● **Data shown**:
((

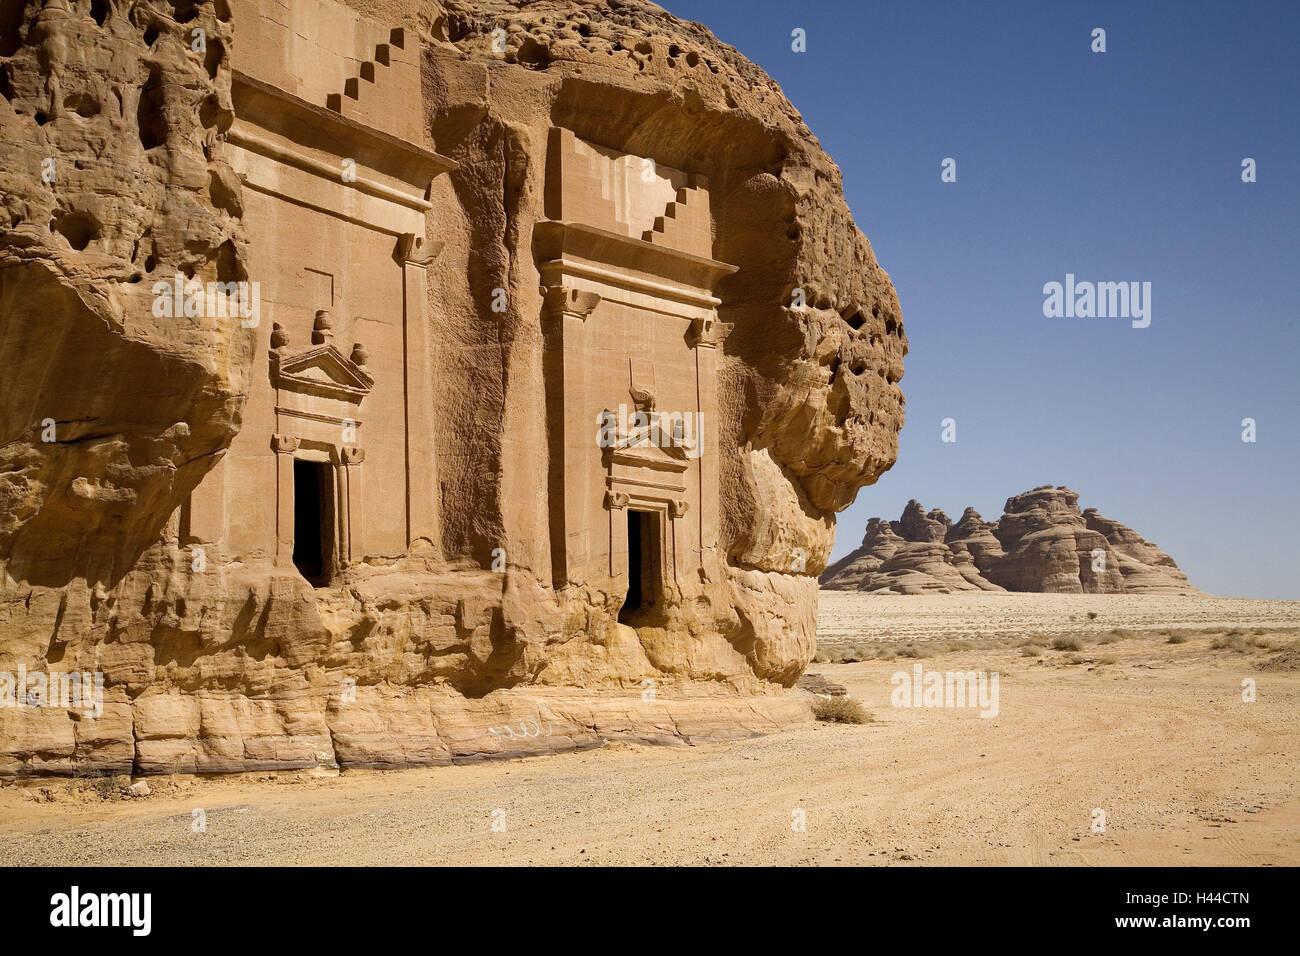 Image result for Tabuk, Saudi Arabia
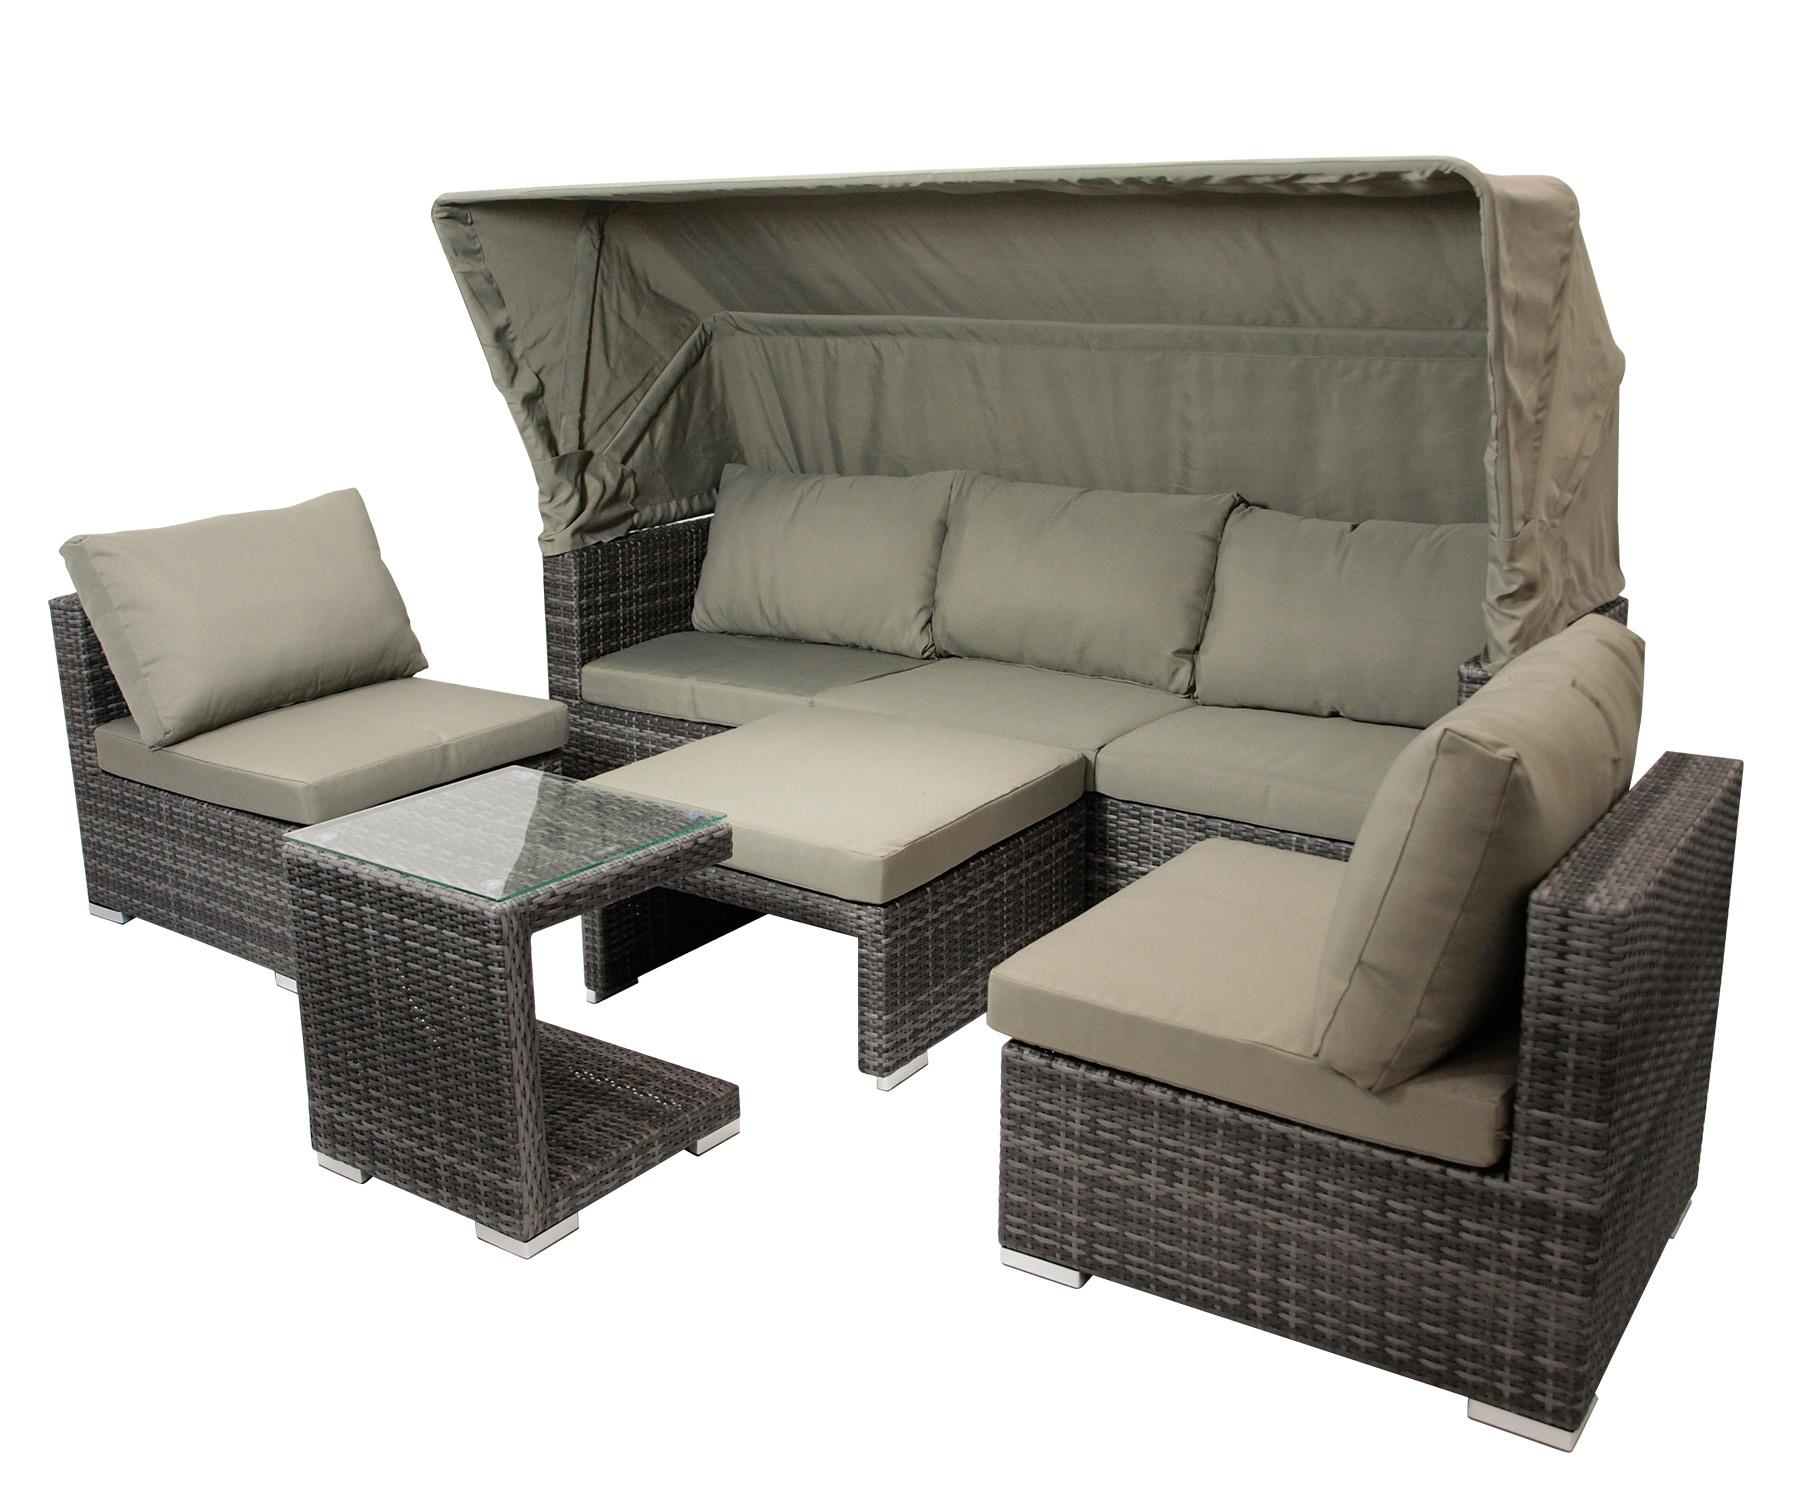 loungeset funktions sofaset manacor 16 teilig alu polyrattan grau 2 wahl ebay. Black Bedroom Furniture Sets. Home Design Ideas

))
((

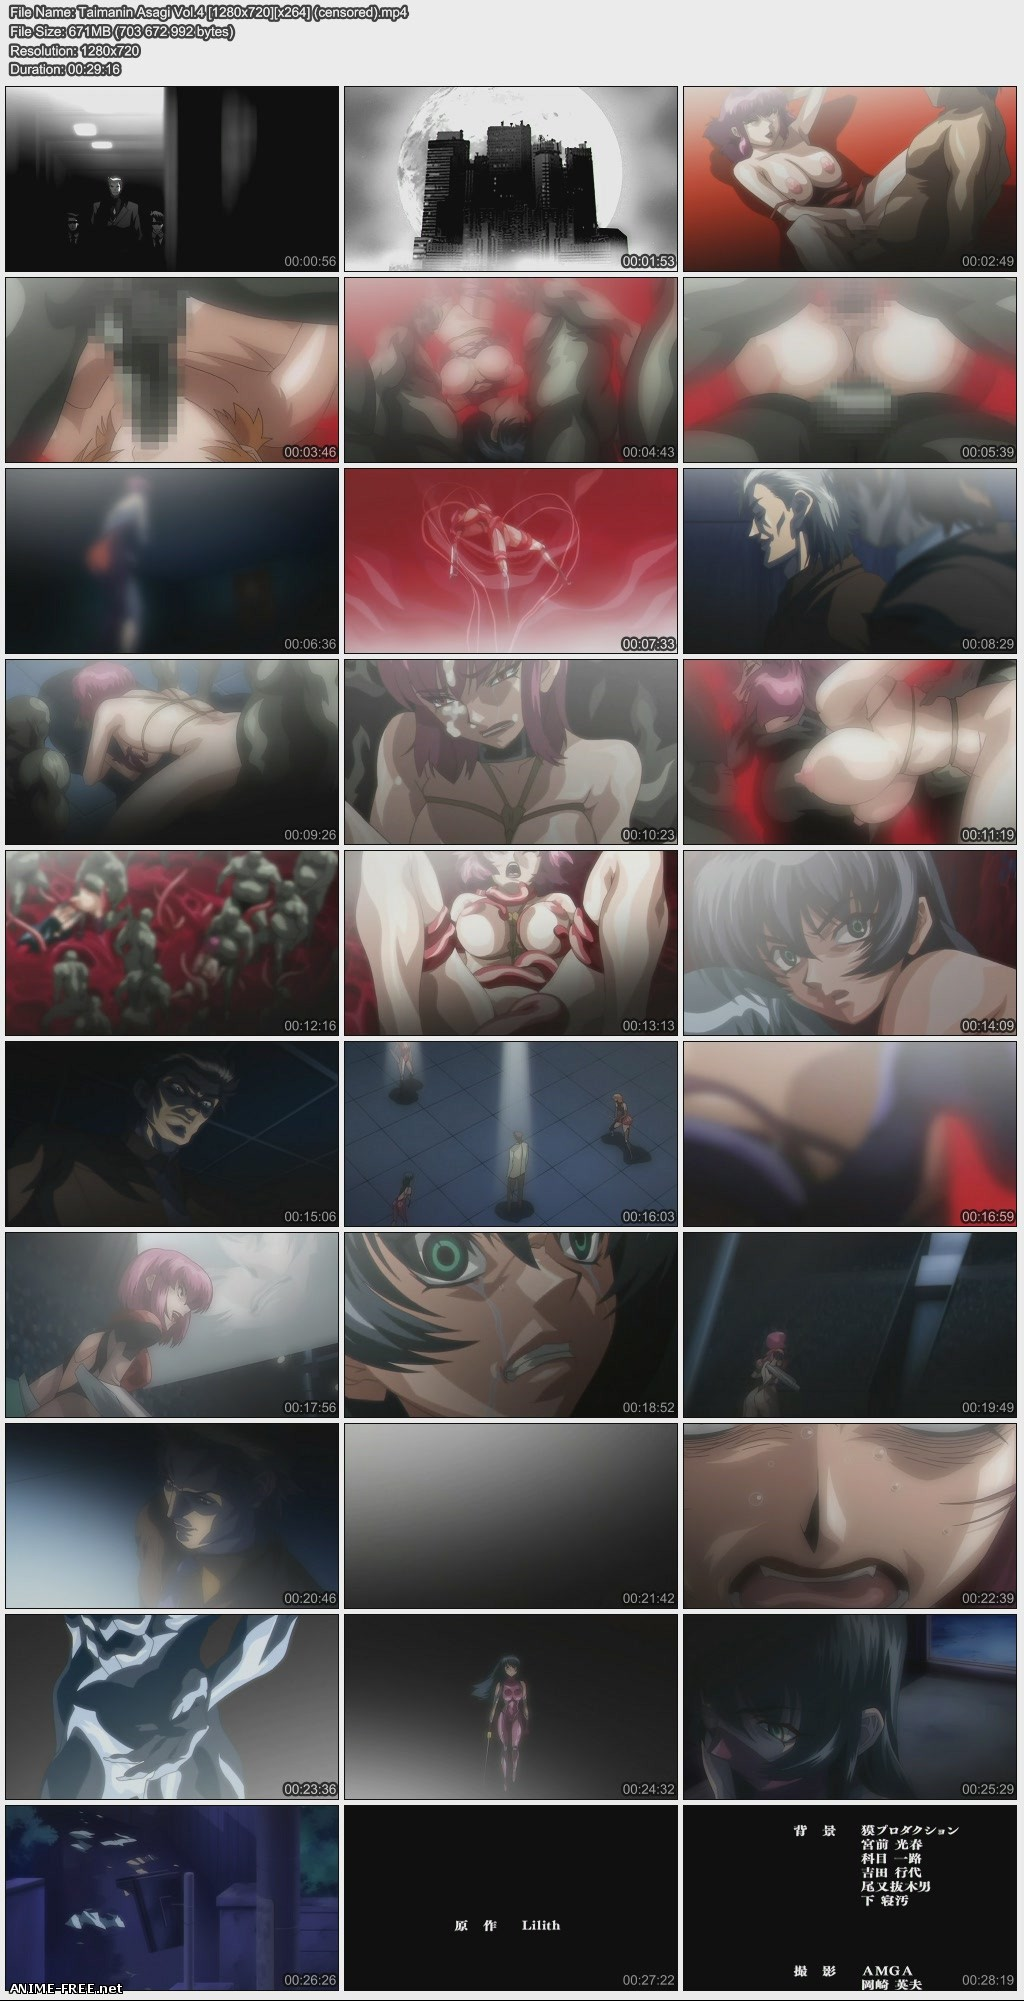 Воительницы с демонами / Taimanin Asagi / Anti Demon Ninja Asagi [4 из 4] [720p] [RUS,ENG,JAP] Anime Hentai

))
((

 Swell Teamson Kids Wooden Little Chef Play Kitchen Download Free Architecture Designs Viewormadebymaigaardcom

))

Give again the stretch of lines above from the one with "Image result for Tabuk, Saudi Arabia" through the one with "loungeset funktions sofaset", both ends kept, and copy no pictures.

● **Exercise answer**:
 Image result for Tabuk, Saudi Arabia
 loungeset funktions sofaset manacor 16 teilig alu polyrattan grau 2 wahl ebay. Black Bedroom Furniture Sets. Home Design Ideas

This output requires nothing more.